SUPPLIED MATERIAL
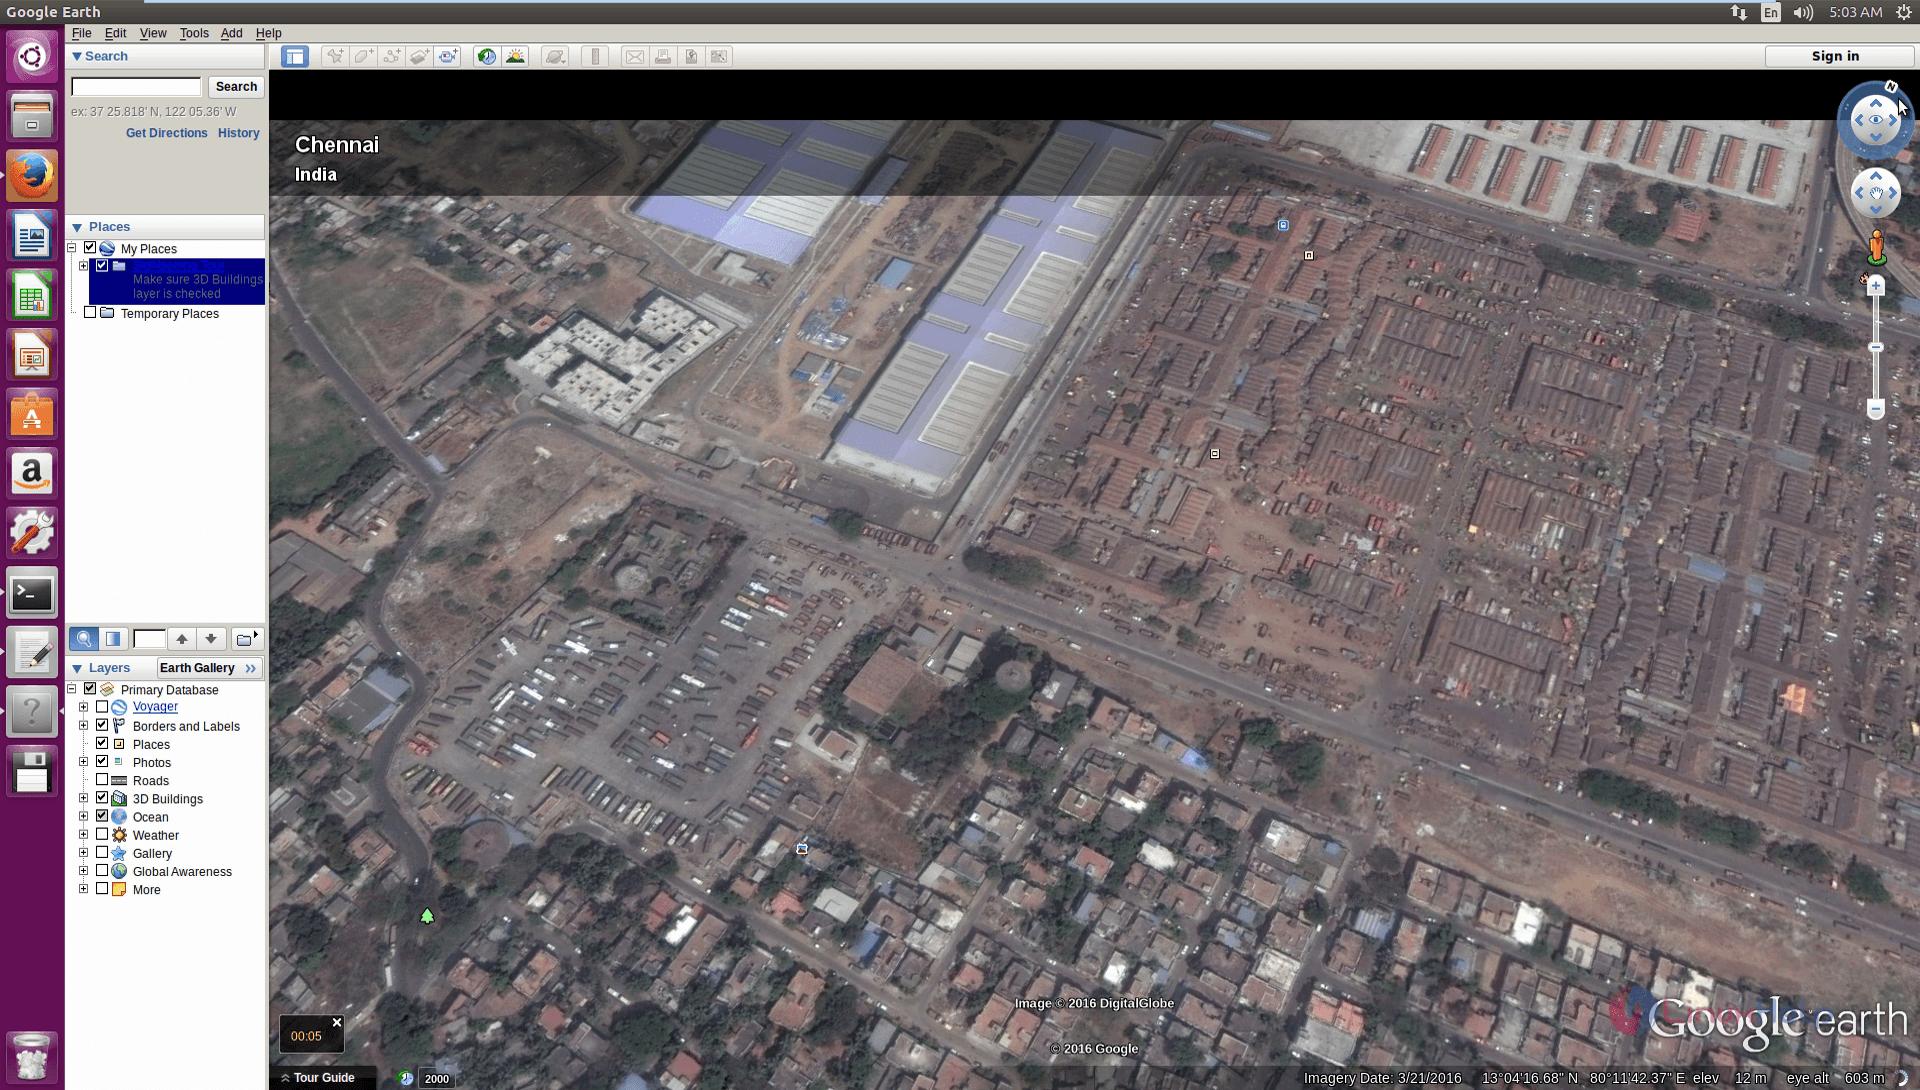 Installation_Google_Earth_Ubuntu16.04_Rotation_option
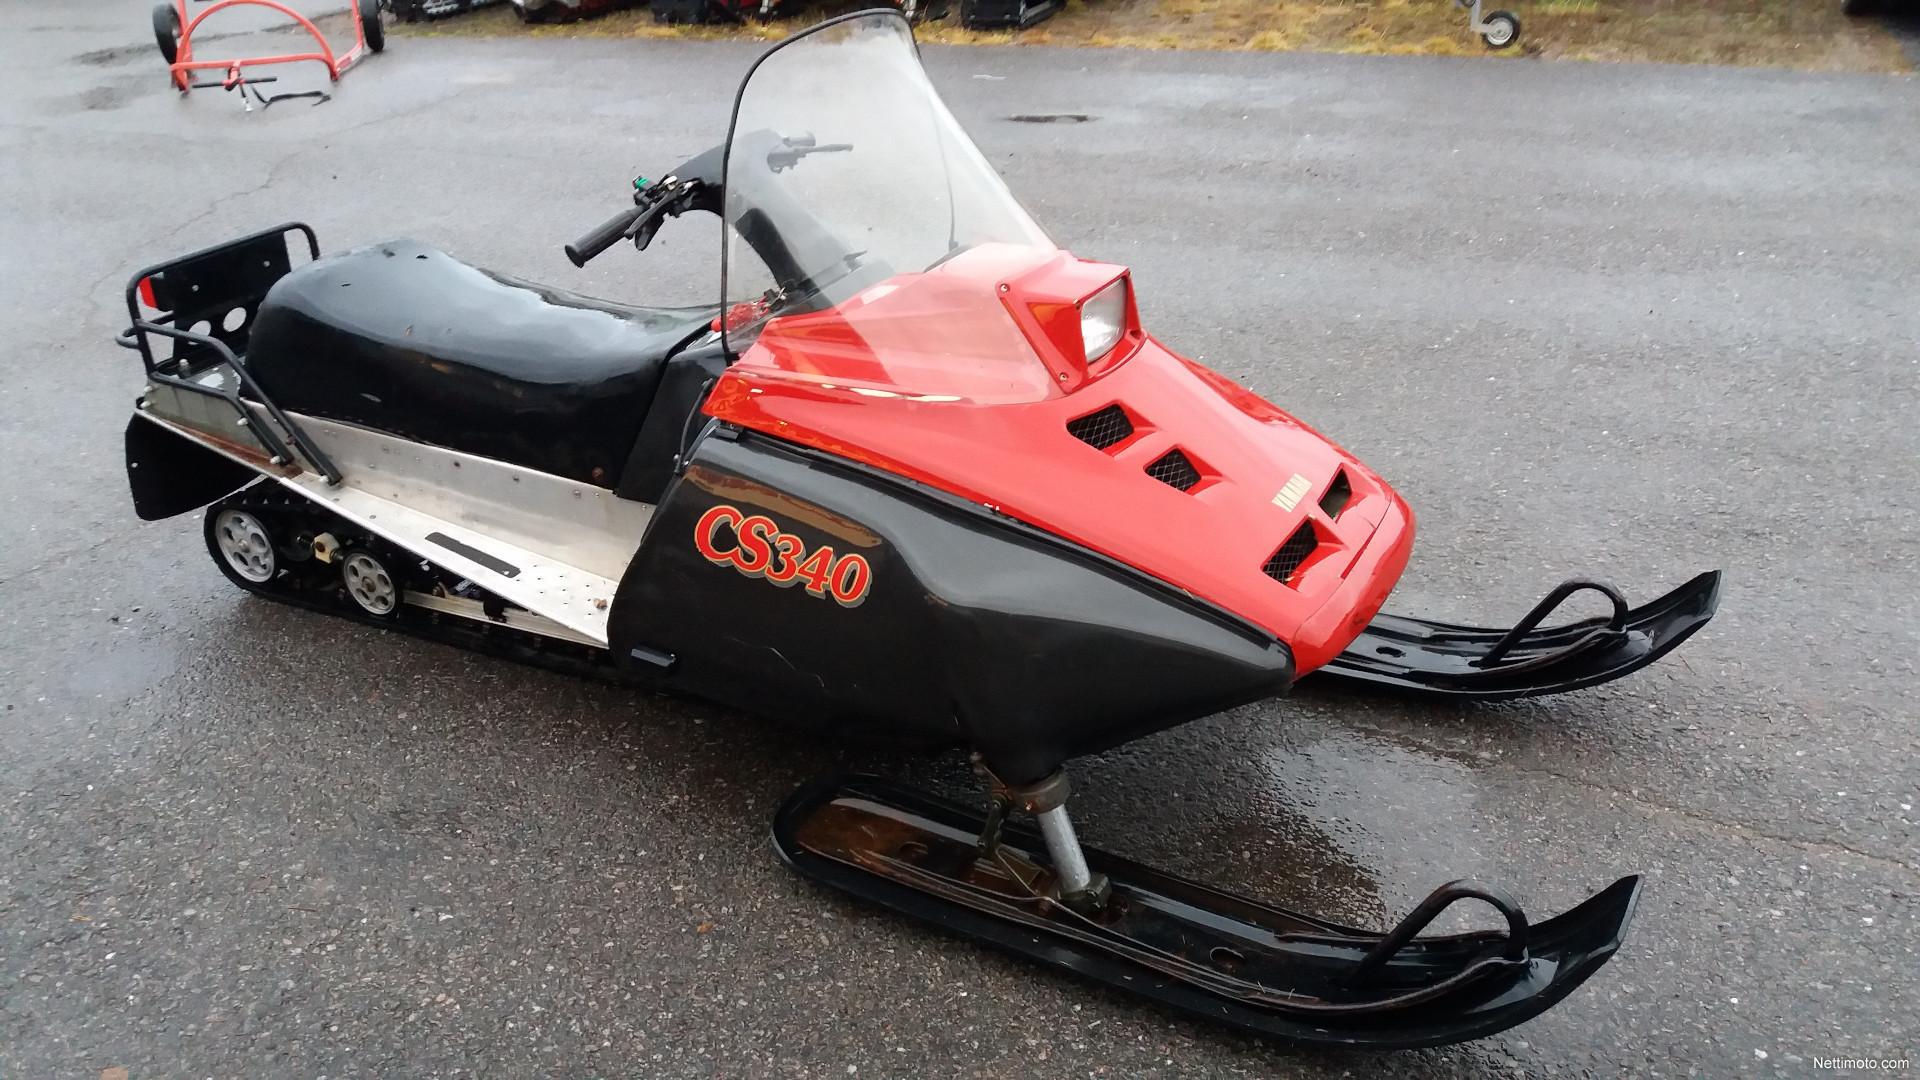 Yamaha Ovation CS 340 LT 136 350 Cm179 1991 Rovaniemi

* * *

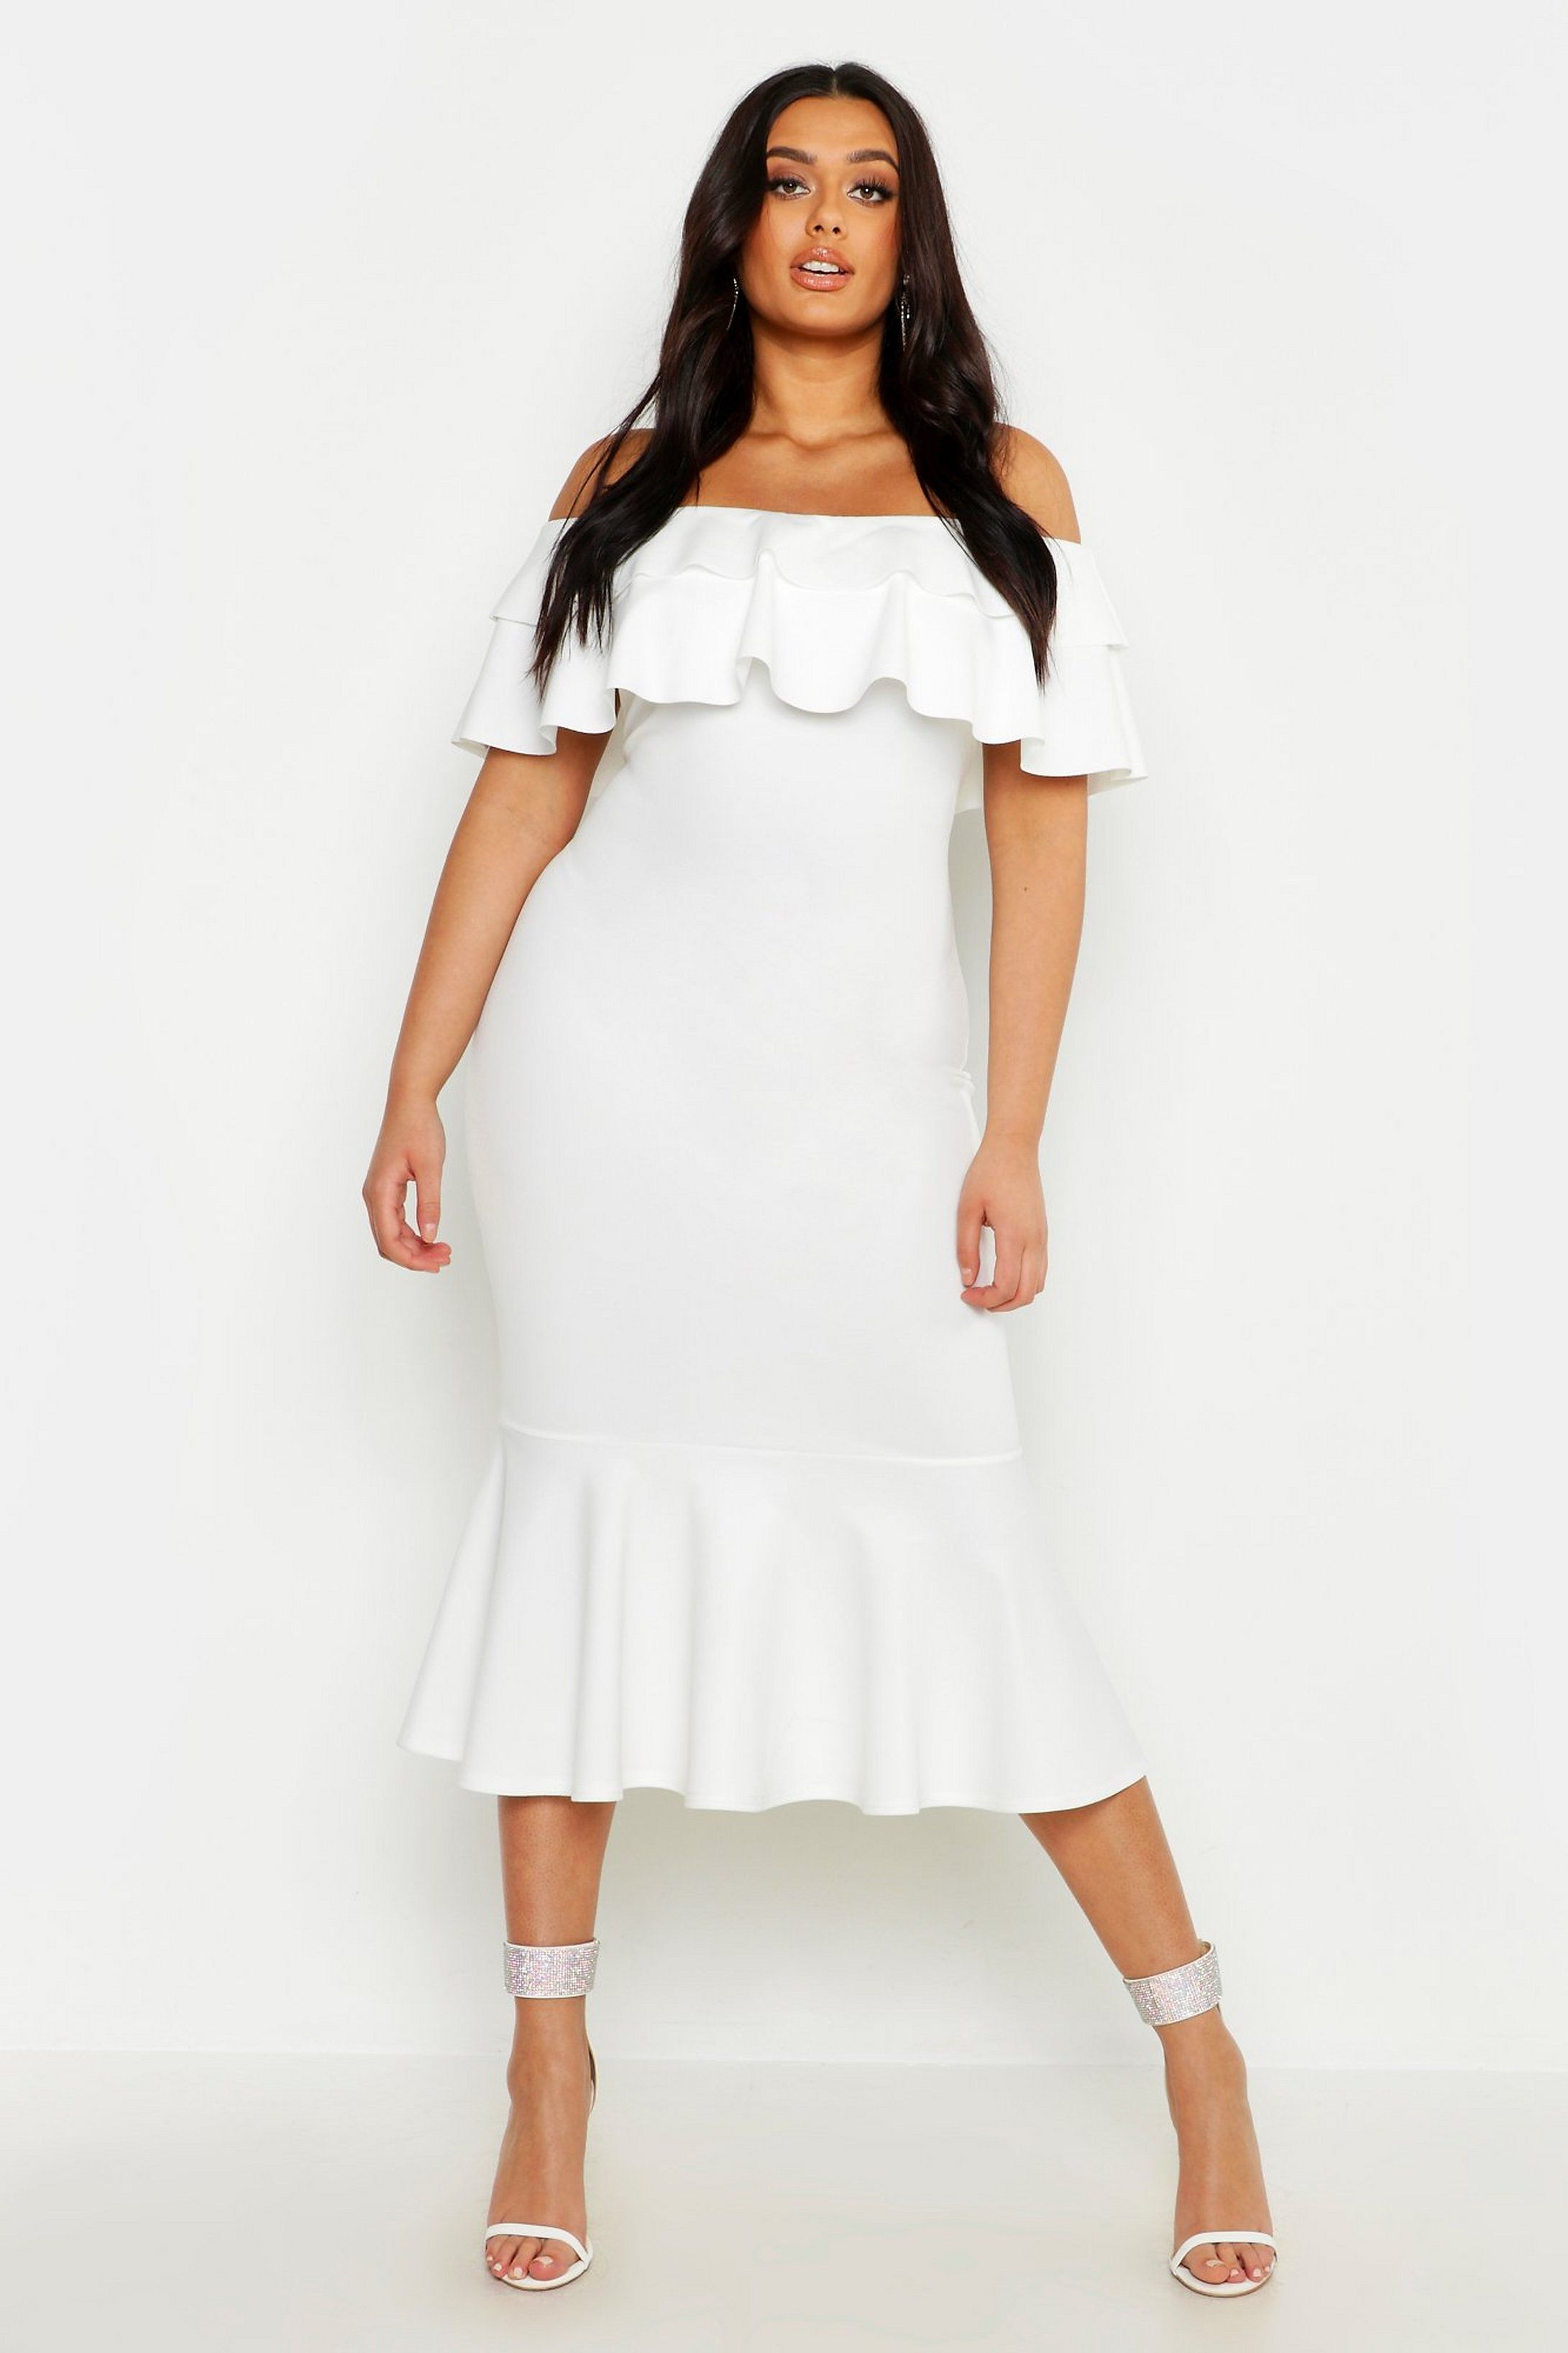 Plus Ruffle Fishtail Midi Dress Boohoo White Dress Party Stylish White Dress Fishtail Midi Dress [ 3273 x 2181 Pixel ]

EXERCISE GOAL
Could you write out exactly the lines of the data above that run from the one holding "Installation_Google_Earth_Ubuntu16.04_Rotation_option" to the one holding "Yamaha Ovation CS", with both ends in and all pictures out?

TASK OUTPUT
 Installation_Google_Earth_Ubuntu16.04_Rotation_option
 Yamaha Ovation CS 340 LT 136 350 Cm179 1991 Rovaniemi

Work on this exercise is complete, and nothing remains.